Thabo could see that most people were just hurrying from home after a hard day of work. They just wanted to enjoy being at home where they could relax. He often wondered, did a man sometimes go into the wrong train? Then the man would ask from inside the train if that train was going to Orlando or Primville or some other place. Many people were taken away by the wrong trains, he thought. Or maybe just maybe it was the trains which took the wrong people with them. That was another way of seeing it. He personally always thought trains are alive but only kids can see their faces. This always stayed with him since he saw an illustration in a book of a friendly steam locomotive and since then he always rubs softly on the carriages before they go.
Thabo also knew that some people got out of the right train. These people then followed a crowd running to the wrong train at the next platform. When they finally discover their mistakes, they blame the crowd but who said follow the masses?

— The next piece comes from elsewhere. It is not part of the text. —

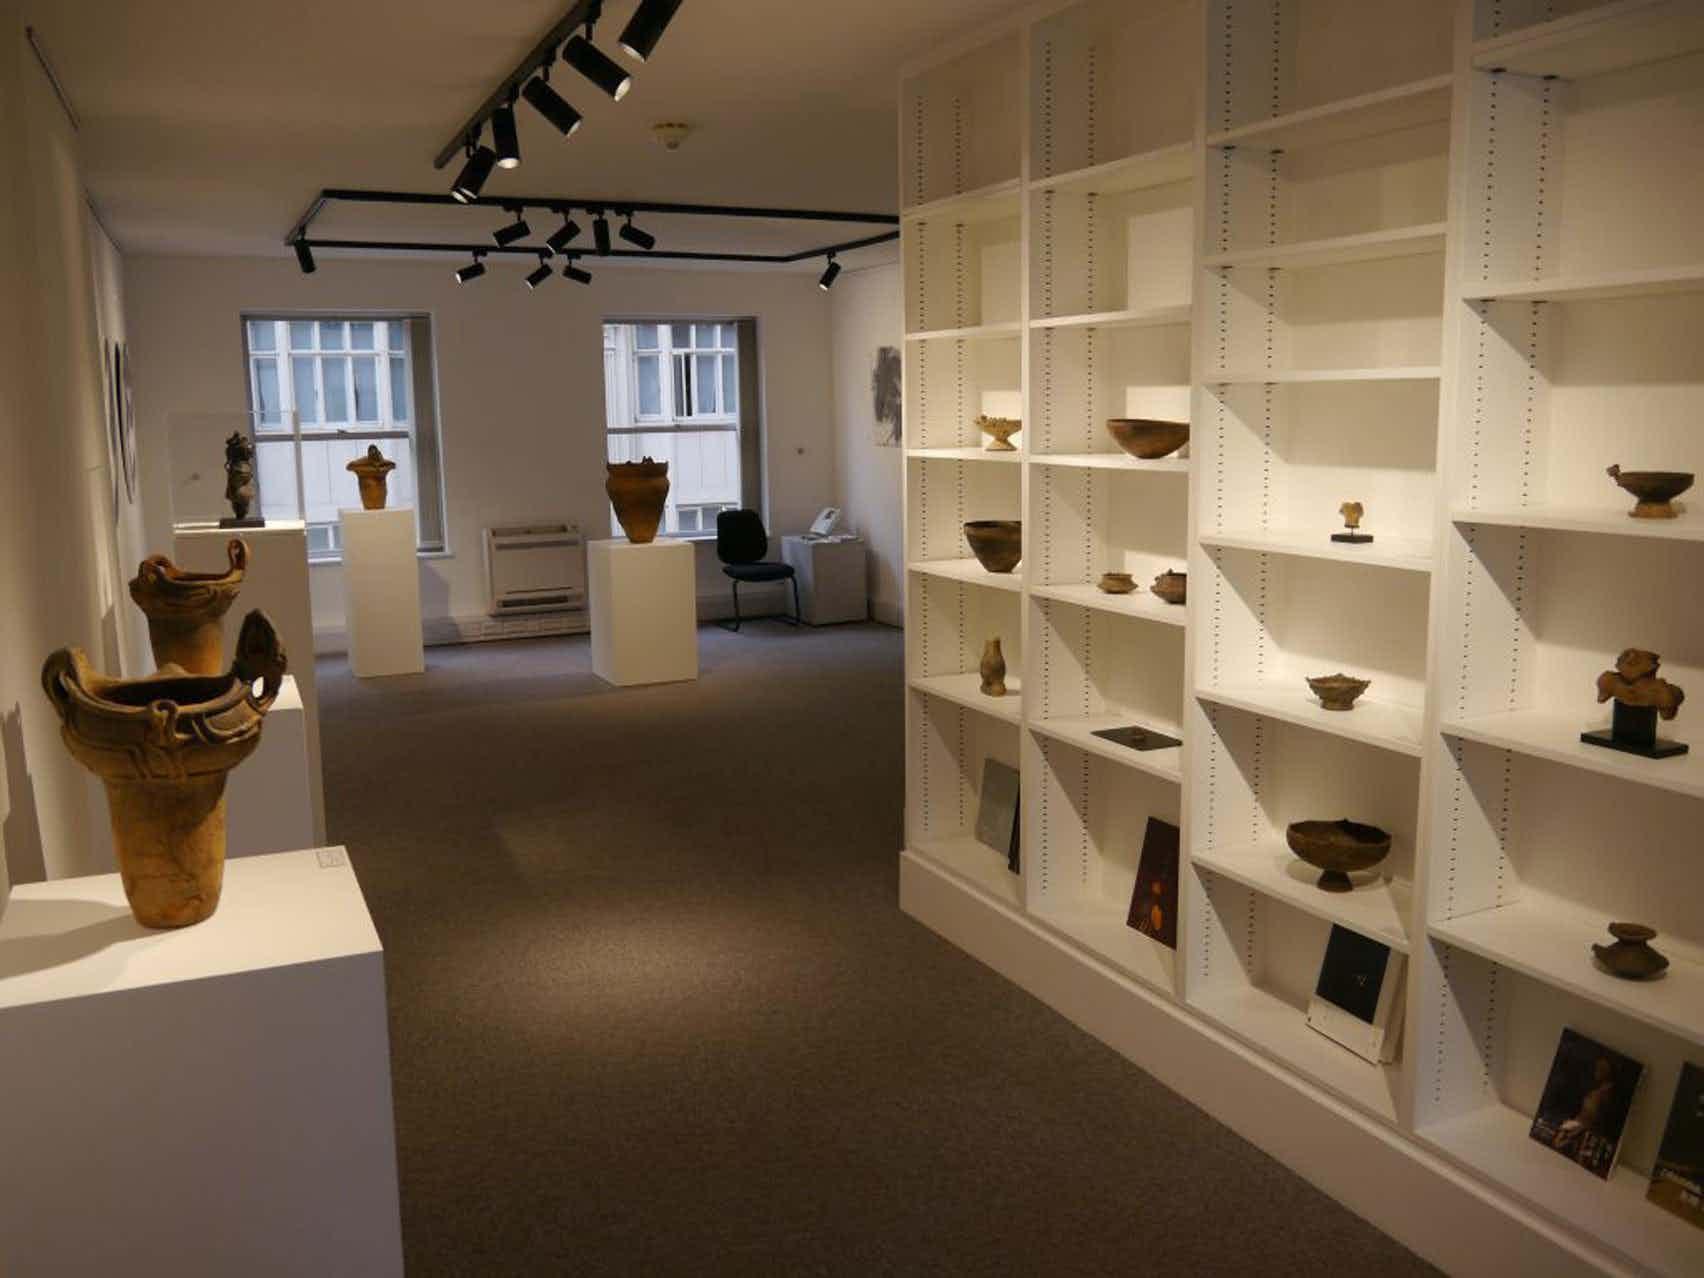 2nd Floor at Brian Haughton Gallery, 2nd Floor at Brian Haughton Gallery

Some people were so much like sheep and they needed a sheep dog to make sure they go on the right train and that’s why the universe chosen Thabo to be on the platform every day and sometimes night to make sure those sheep don`t go too far in the wrong direction.
He knew he was capable to handle and deal with these situations and the problems they cause but he did feel more and more contempt for these sheep on two legs. Sometimes he felt sorry for them because they were ignorant. Why do they make these mistakes, even when the Railway Admiration put Thabo Mhlanga there to help them? So, he thought that maybe he was right, after all, to think they were just stupid.